I bought mine with a vertical milling attachment for $750.


----------



## ThinWoodsman (Jul 27, 2020)

It's understandable to ask for that much, though I imagine you'd have to be pretty crazy to pay it.

The guy probably bought the machine for $1200-1500, then spent another thousand refurbishing it, plus the time and cost of the vertical head ... and now he's trying to make a profit.

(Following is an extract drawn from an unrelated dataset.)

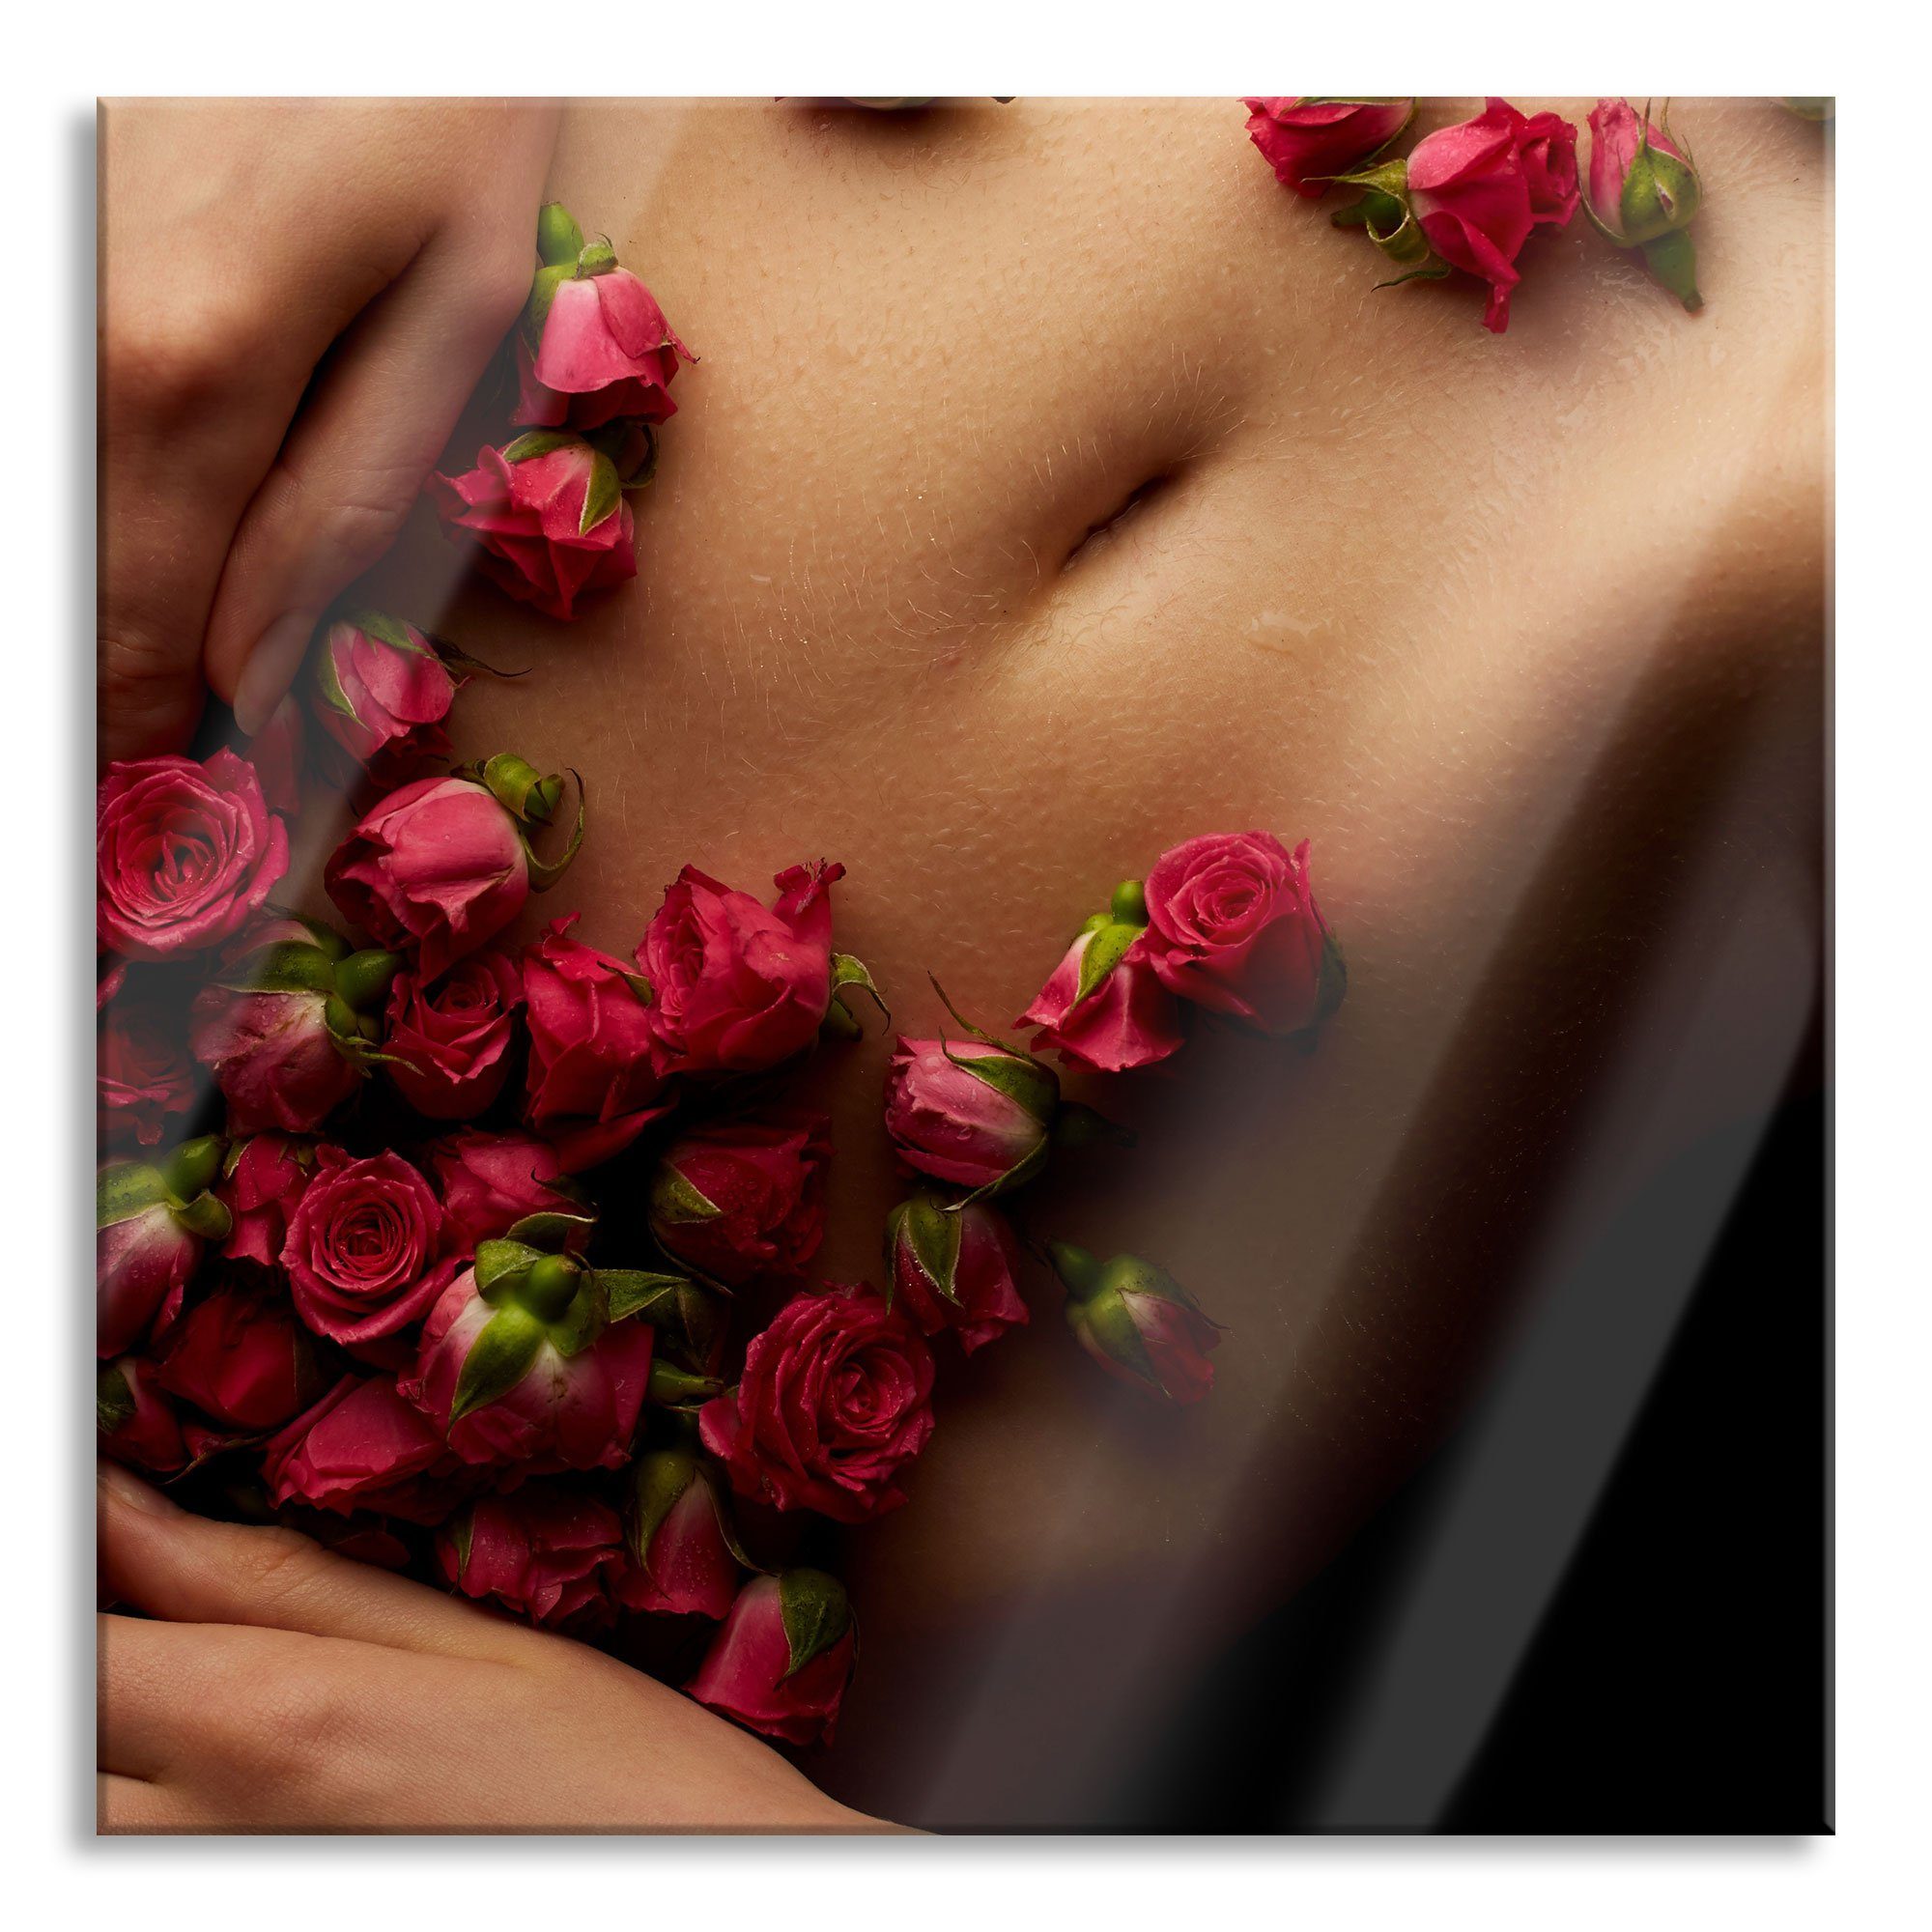 Pixxprint Glasbild weiblicher Körper mit Rosen Blumen, weiblicher Körper mit Rosen Blumen (1 St), Glasbild aus Echtglas, inkl. Aufhängungen und Abstandshalter
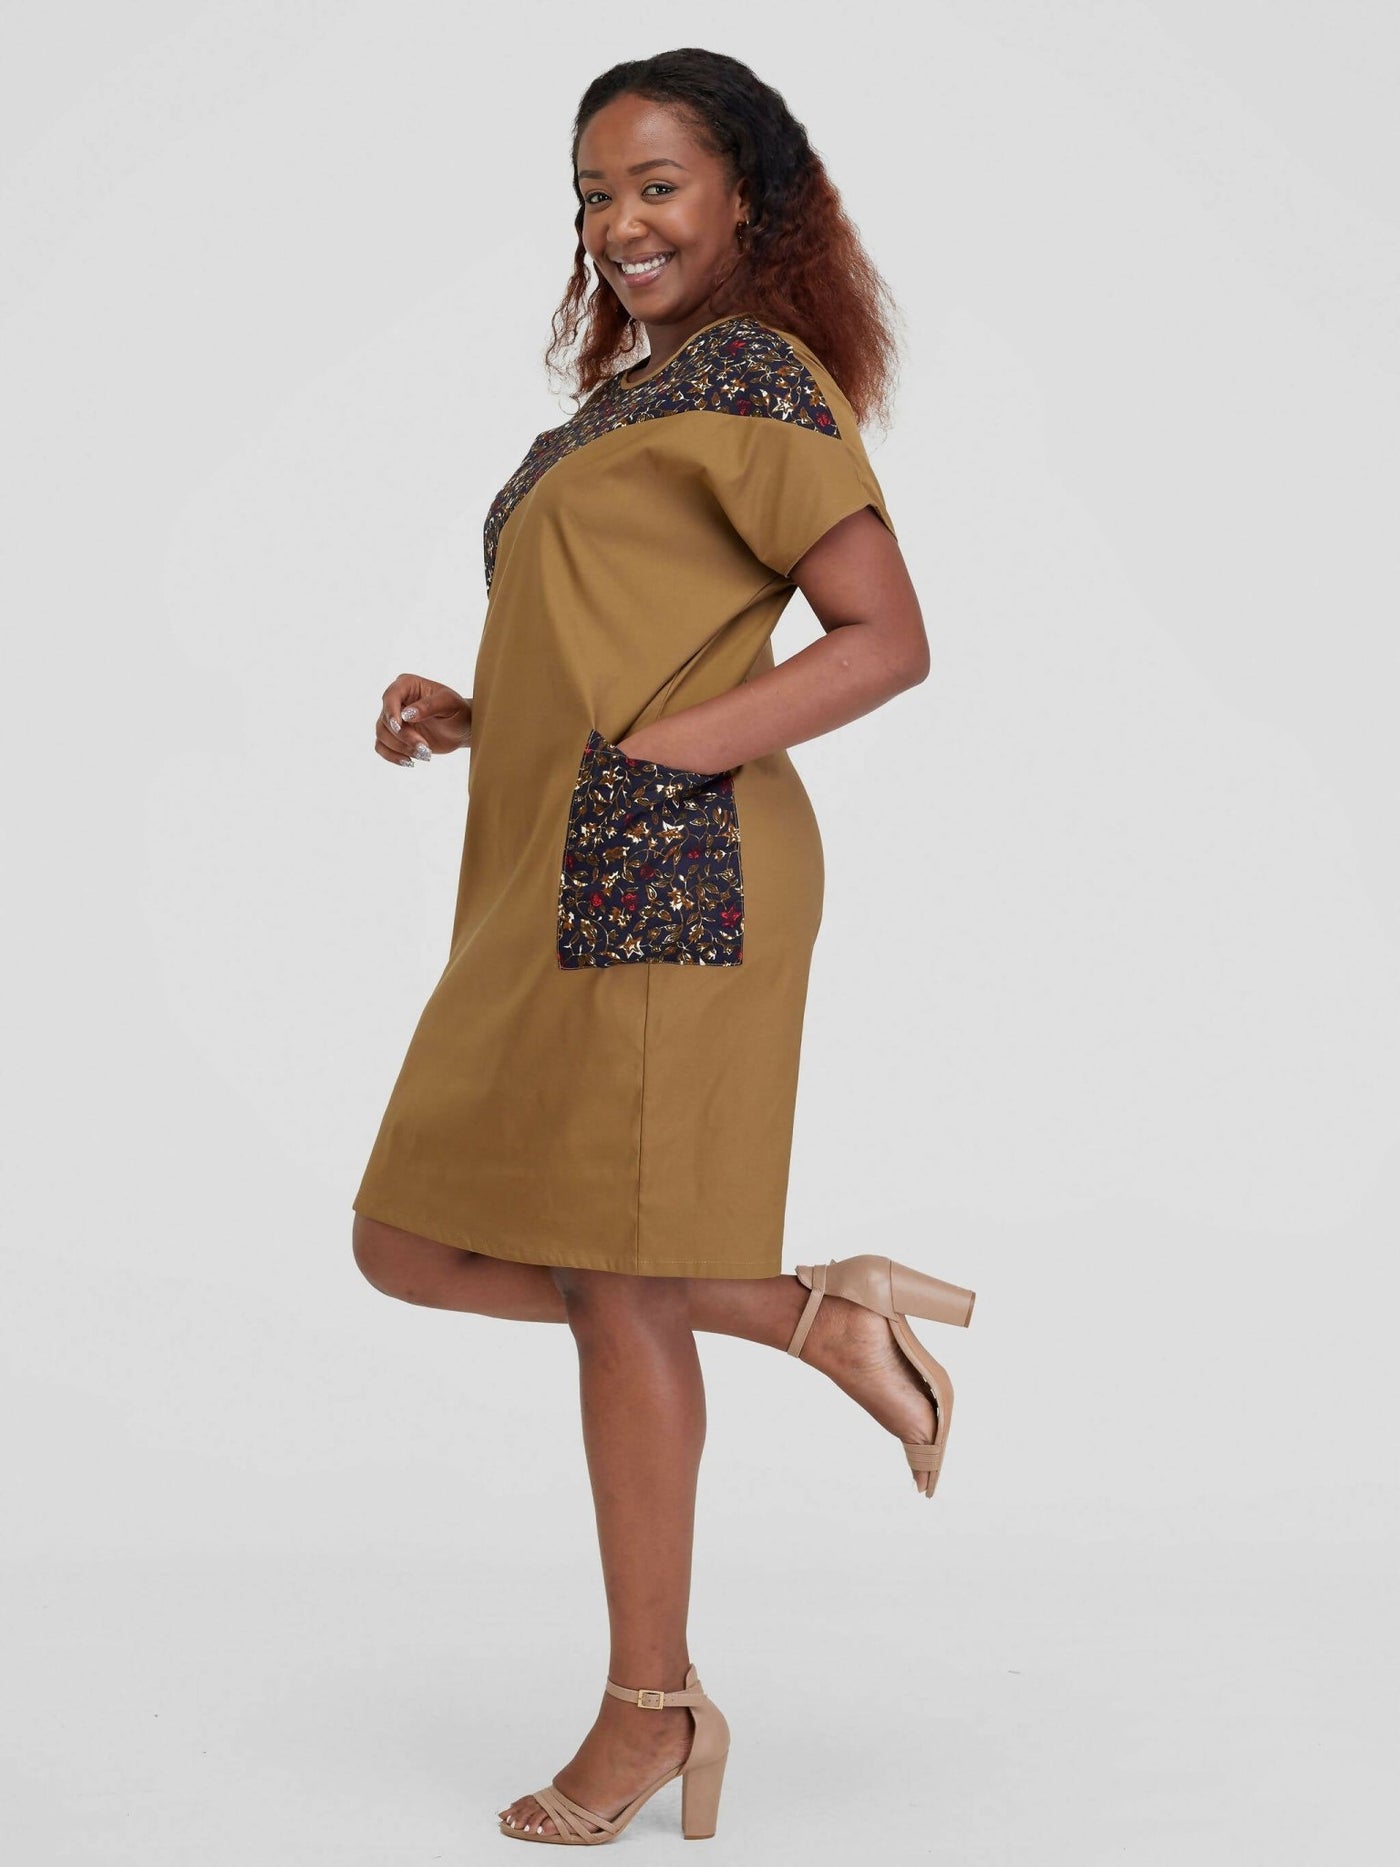 Beqss Zula Dolman Asymmetrical Shift Dress - Khaki - Shopzetu

Of course, the problem with selling a money-pit is that you'll never recoup your losses


----------



## wlburton (Jul 27, 2020)

I wish them luck, but I'm sure they'll never be able to sell it for that much, especially without the vise or a stand or the knob for the Change-O-Matic.  I've been toying with the idea of selling my MFC because I rarely use it since I got my Clausing 8520--but haven't pursued it since I have so much money in it that I'd have to get $2000 to break even. It doesn't have a vertical head but it's in great original condition with the original vise and rotary table, a nice custom metal stand, and all three sizes of arbors.  $2000 seems like an impossibility, so I might as well hang on to it and let my heirs put it in the dumpster along with the rest of my stuff when the time comes. (I have to admit that I've yet to sell any tool that I've ever bought.  Those transactions seem to only go one direction.  I even love the tools that I almost never use!)


----------



## matthewsx (Jul 27, 2020)

I’ve just recently started selling some tools but only those I have duplicates of or just won’t work out in my shop. Also if I bought it right and I can put the profit into buying more tools


----------